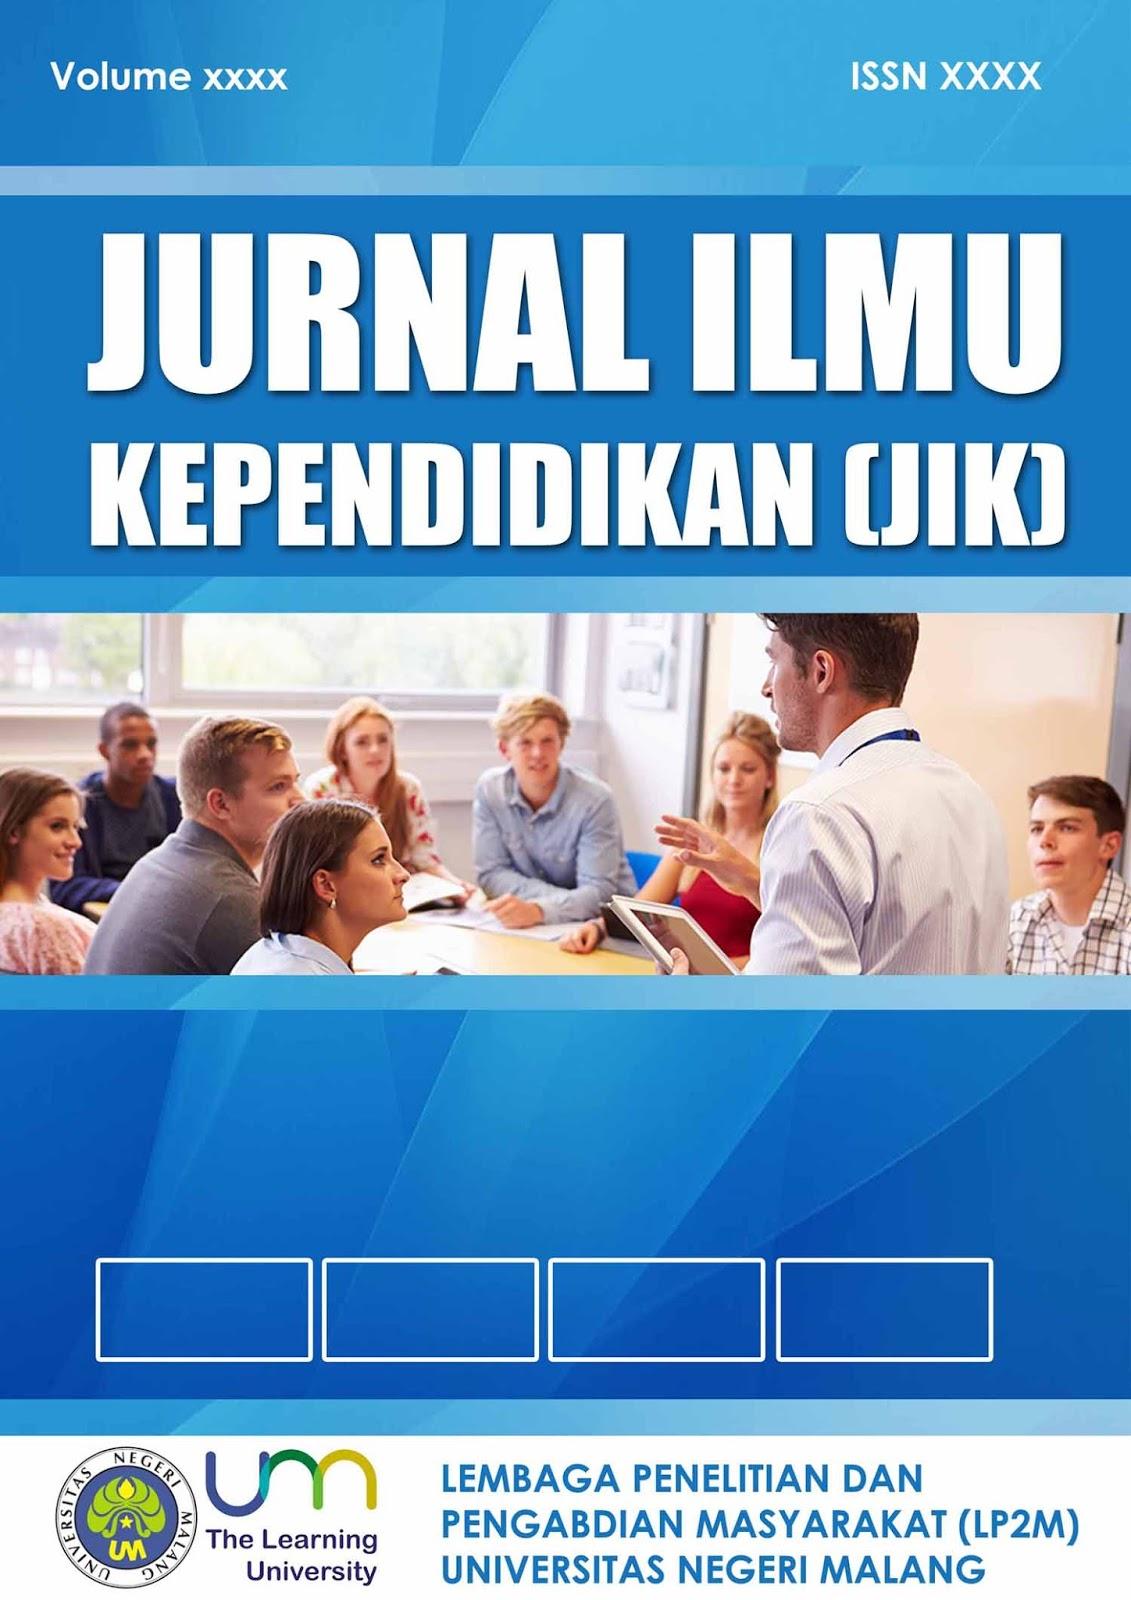 Contoh Desain Cover Jurnal Pendidikan UM
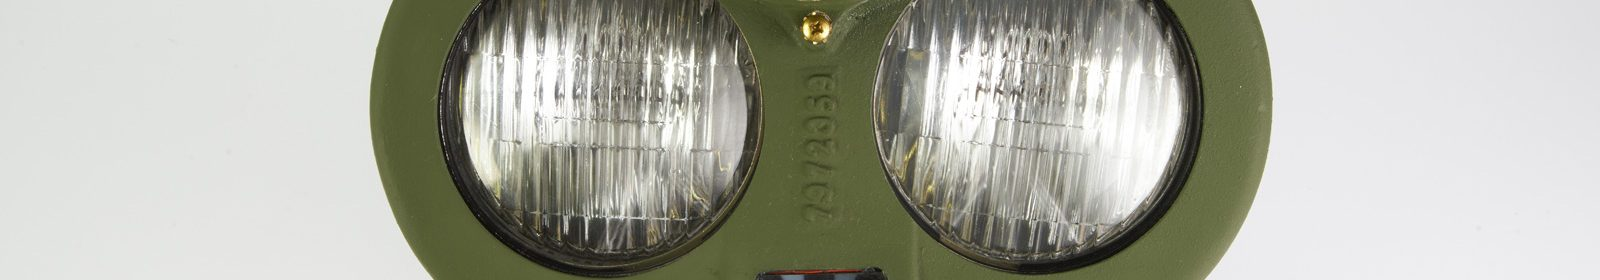 dual-head-lamp
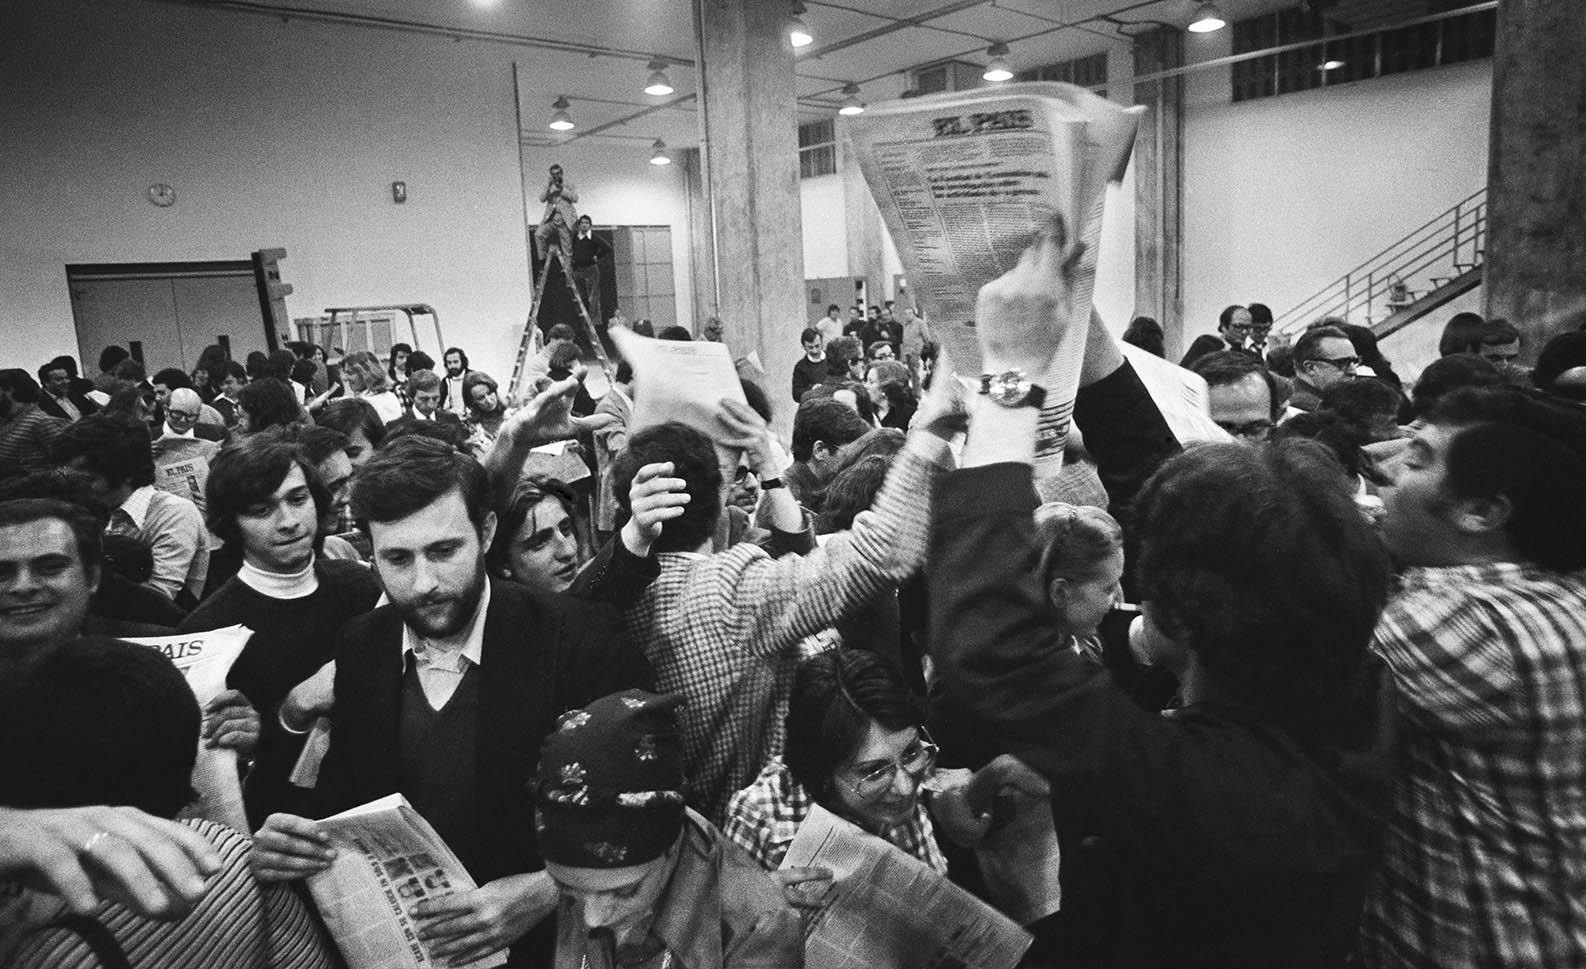 Primeras horas del 4 de mayo de 1976. Nace EL PAÍS. Los primeros ejemplares del diario comienzan a circular entre los trabajadores del periódico. / ANTONIO GABRIEL

*What to produce*. Once the pictures are set aside, the remaining data must be transcribed exactly.

*Response*.
 Contoh Desain Cover Jurnal Pendidikan UM
 dual-head-lamp
 Primeras horas del 4 de mayo de 1976. Nace EL PAÍS. Los primeros ejemplares del diario comienzan a circular entre los trabajadores del periódico. / ANTONIO GABRIEL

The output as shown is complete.